Hier nun hört die Empirie auf und stößt die Demoskopie an ihre Grenzen. Es mögen weniger sein, die in die Kirchen gehen, aber vielleicht brennt ihnen, wie es in der österlichen Passage mit den Jüngern von Emmaus heißt, "das Herz, als er mit ihnen redete", obwohl sie ihn nicht erkannten, gleichwohl aber suchten. Schließlich findet der Akt des Glaubens ja auch im Herzen, "der Entscheidungsmitte des Menschen", statt, gestützt freilich durch Verstand und, wie die Kirchen lehren, auch durch Gnade.

Es glauben weniger, aber die dafür tiefer. Das wäre das zweite Drittel der Wahrheit. Das läßt sich zumindest in manchen Ländern Europas sagen, von Amerika sowieso. In Frankreich, der Heimat Bernanos', ist der geistliche Aufschwung nicht mehr zu übersehen. Auch in Italien, Irland, den Niederlanden oder Spanien sind Schwund und gleichzeitige Vertiefung des Glaubens zu beobachten. Etwa im Aufschwung geistlicher Bewegungen oder der Teilnahme an den Weltjugendtreffen mit dem Papst.

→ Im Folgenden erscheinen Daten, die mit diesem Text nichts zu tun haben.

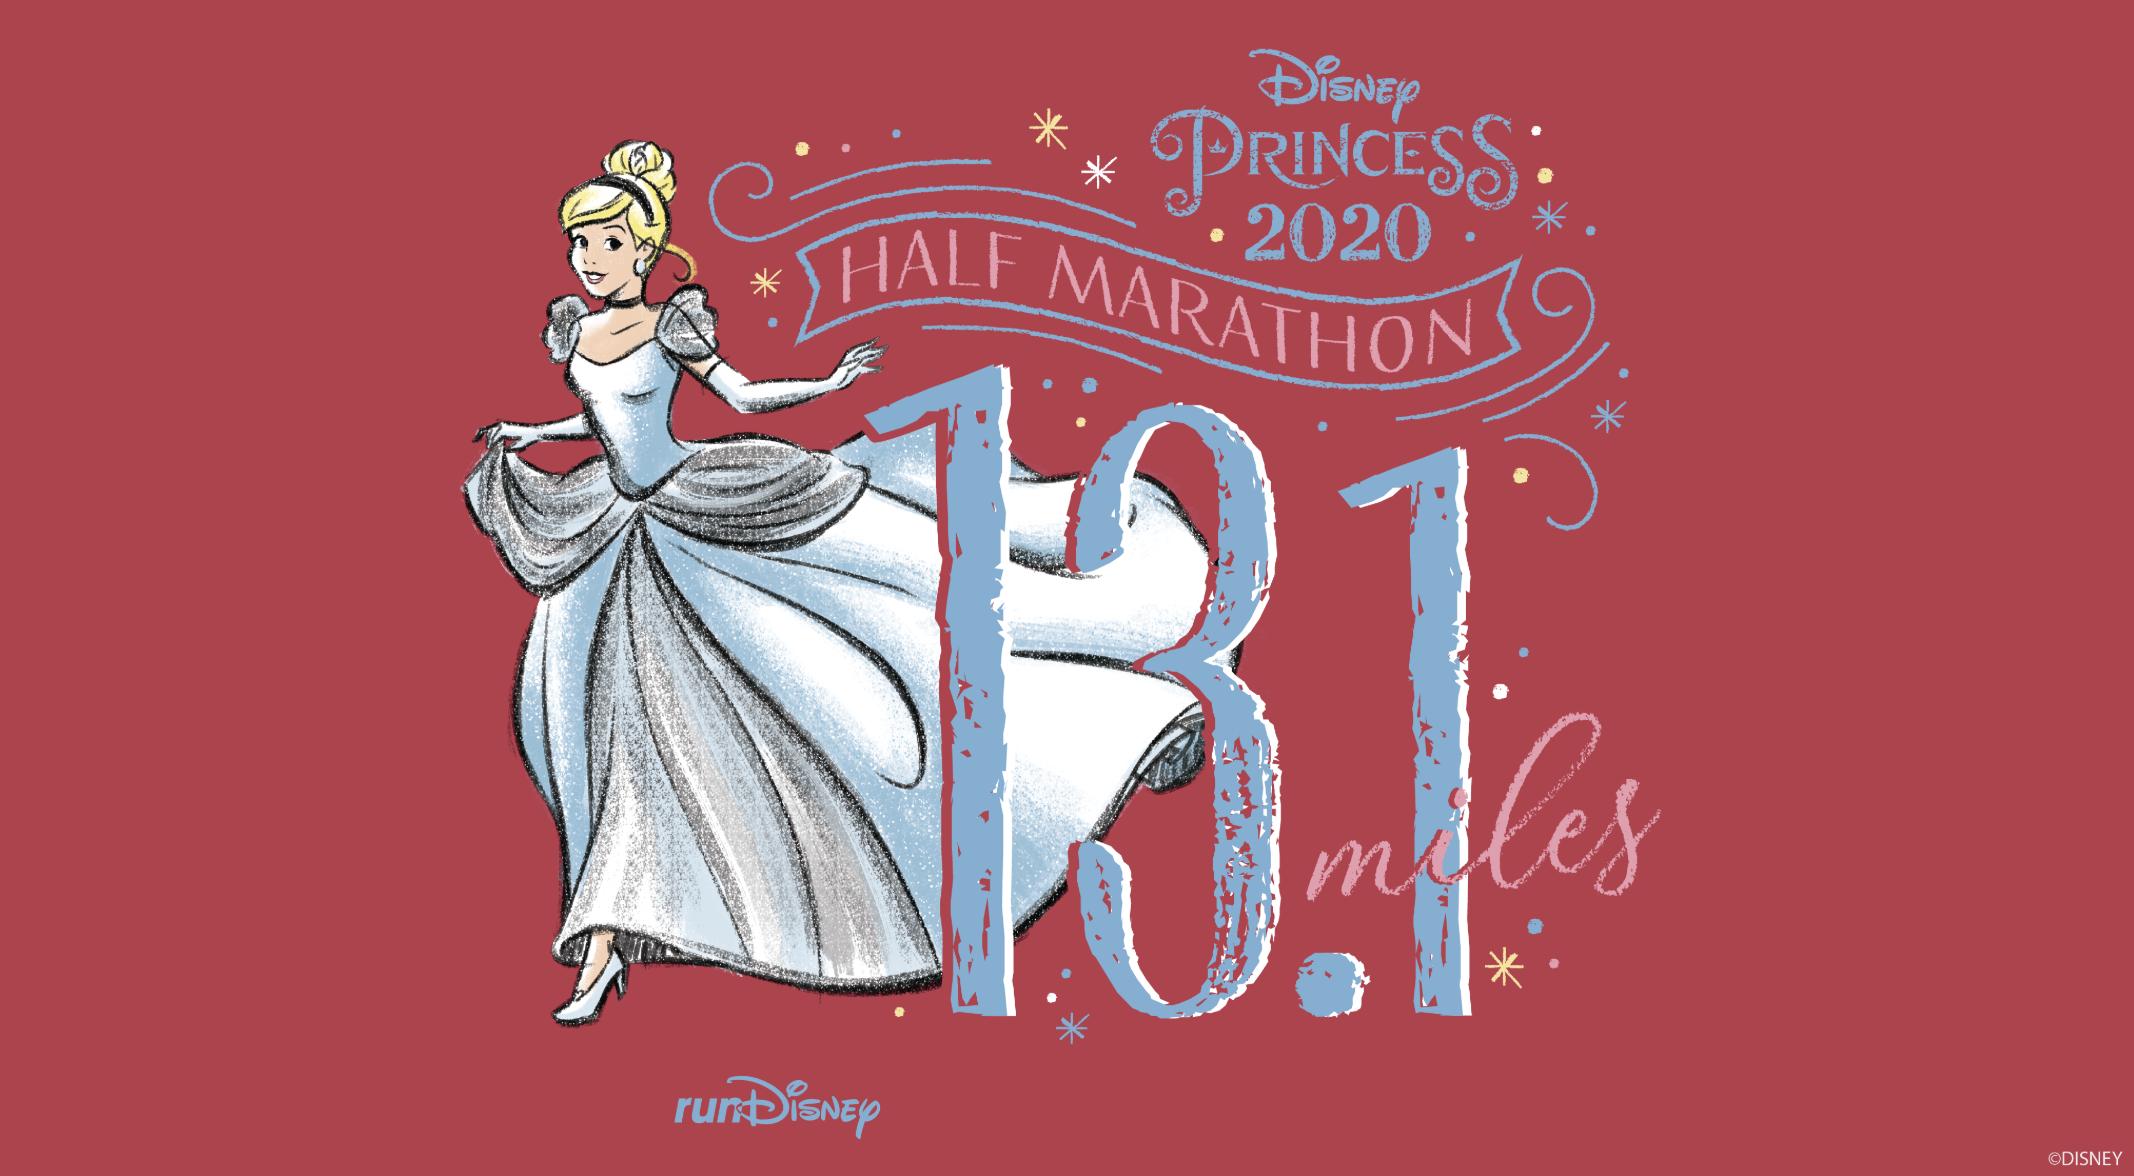 Half Marathon Schedule 2020 2020 Disney Princess Half Marathon Weekend Themes Revealed!

Dennoch gilt die Bemerkung Heideggers, wonach das Christentum der Neuzeit seine kulturprägende Macht eingebüßt habe. Man mag achselzuckend darüber hinweggehen und das als Phänomen der Postmoderne einstufen. Aber hier beginnt das dritte Drittel. Die Religiosität oder ihr Fehlen ist auch eine Frage der Identität, des Selbstverständnisses einer Gemeinschaft. Thomas Mann sprach in diesem Sinn vom "instinktunsicher gewordenen Erdteil Europa" und Arnold Gehlen von der "gewaltlosen Lenkbarkeit" der Menschen, denen eben dieser Sinn für die eigene Identität abhanden gekommen ist. Wenn Europa noch einmal eine Rolle spielen will in der Welt, dann reicht es nicht, auf die Statistiken mit den großen Potentialen zu verweisen. Optionen sind noch keine Weltpolitik. Die Politiker sollten zuerst einmal fragen, was Europa ist und wohin es soll. Da wäre die Besinnung auf die eigene (christlich-jüdisch-hellenistische) Kultur schon ein Gewinn. Aber das ist mit Blick auf das politische Personal in Deutschland wohl der schwierigste Teil der Wahrheit.